- DATASET EXTRACT -

....................

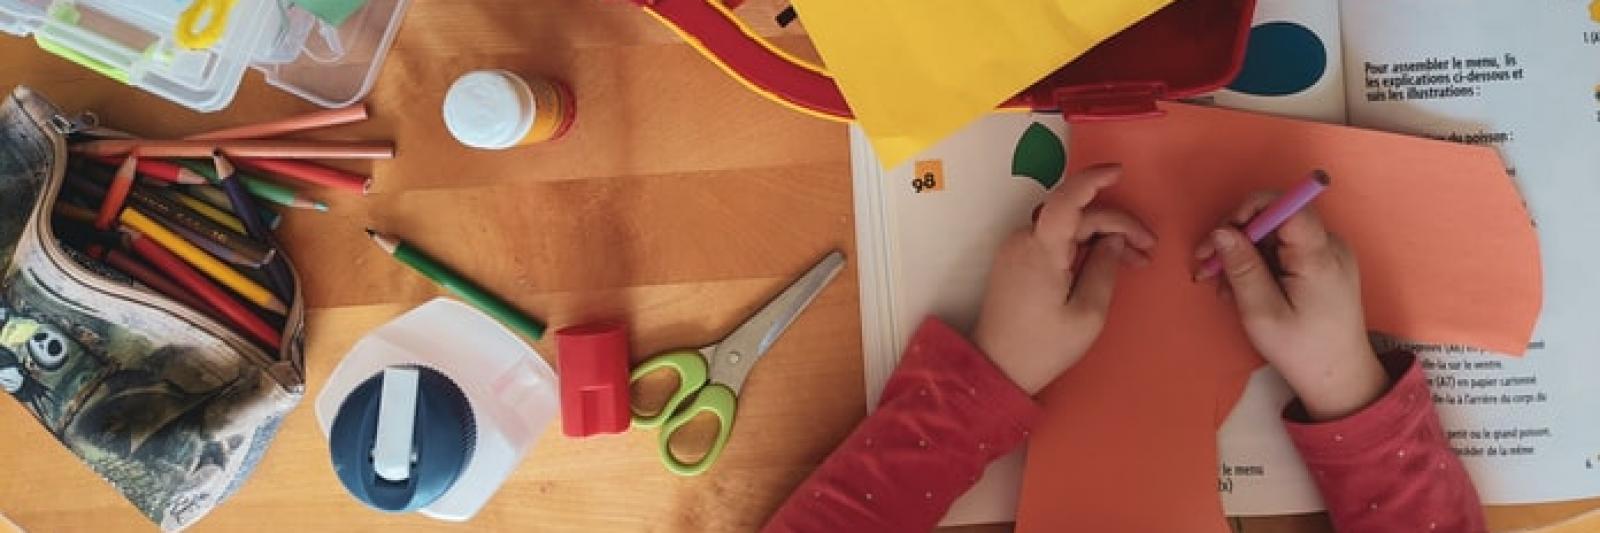 Bambino realizza un lavoretto con cartoncini e matite 
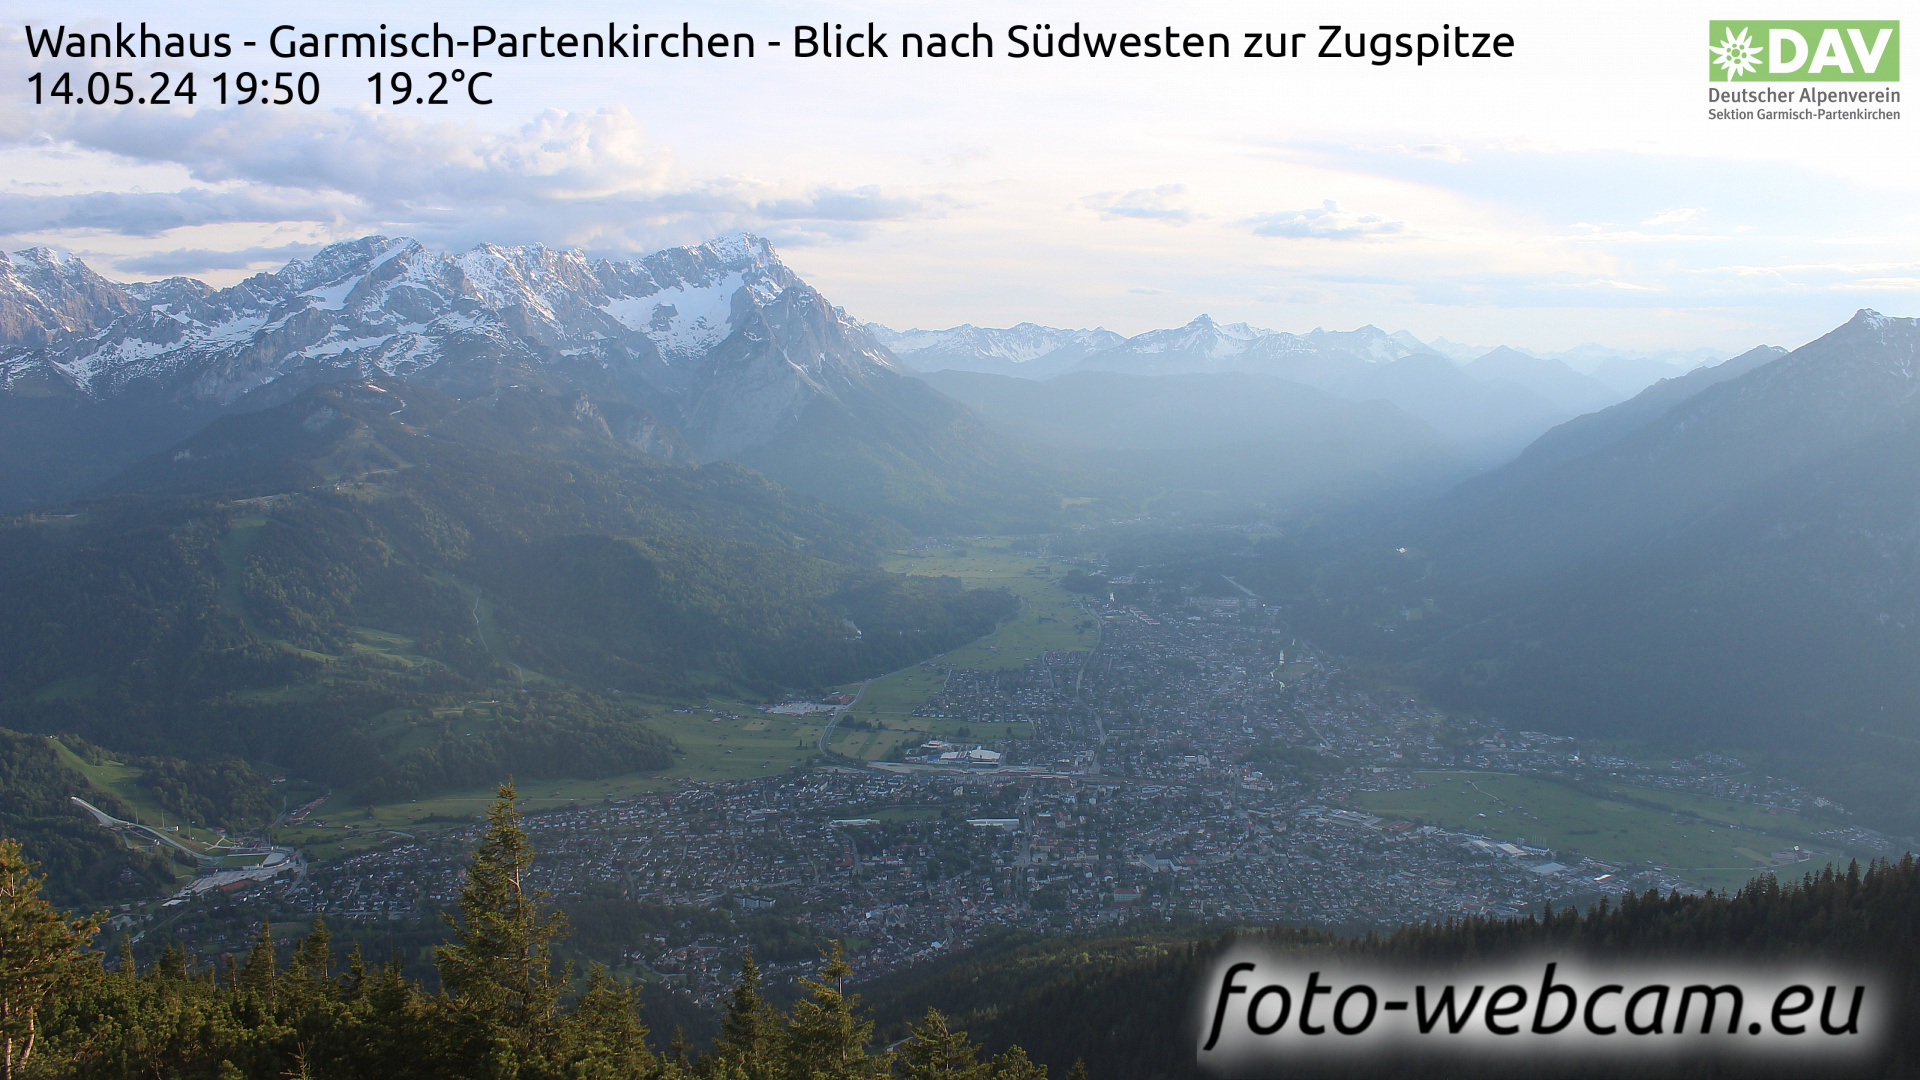 Garmisch-Partenkirchen Wed. 19:51
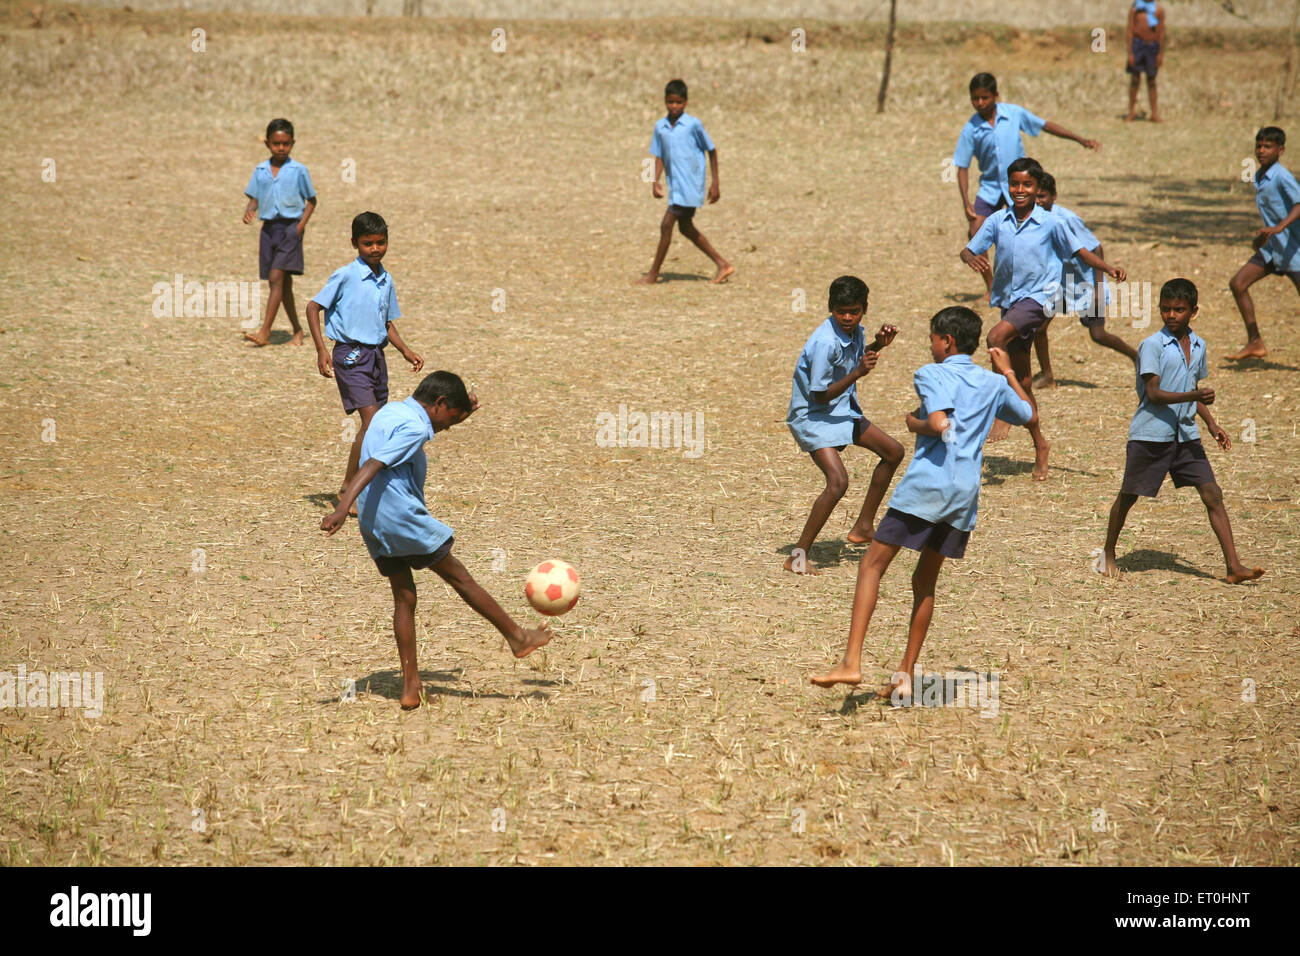 Garçons d'école, uniforme d'école, jouer au football, terrain de village, Jharkhand, Inde, sport rural indien Banque D'Images

....................

- TASK ITEM -
Omit the pictures. Repeat the rest of the data exactly.

- SOLVED PROBLEM -
 Bambino realizza un lavoretto con cartoncini e matite 
 Garmisch-Partenkirchen Wed. 19:51
 Garçons d'école, uniforme d'école, jouer au football, terrain de village, Jharkhand, Inde, sport rural indien Banque D'Images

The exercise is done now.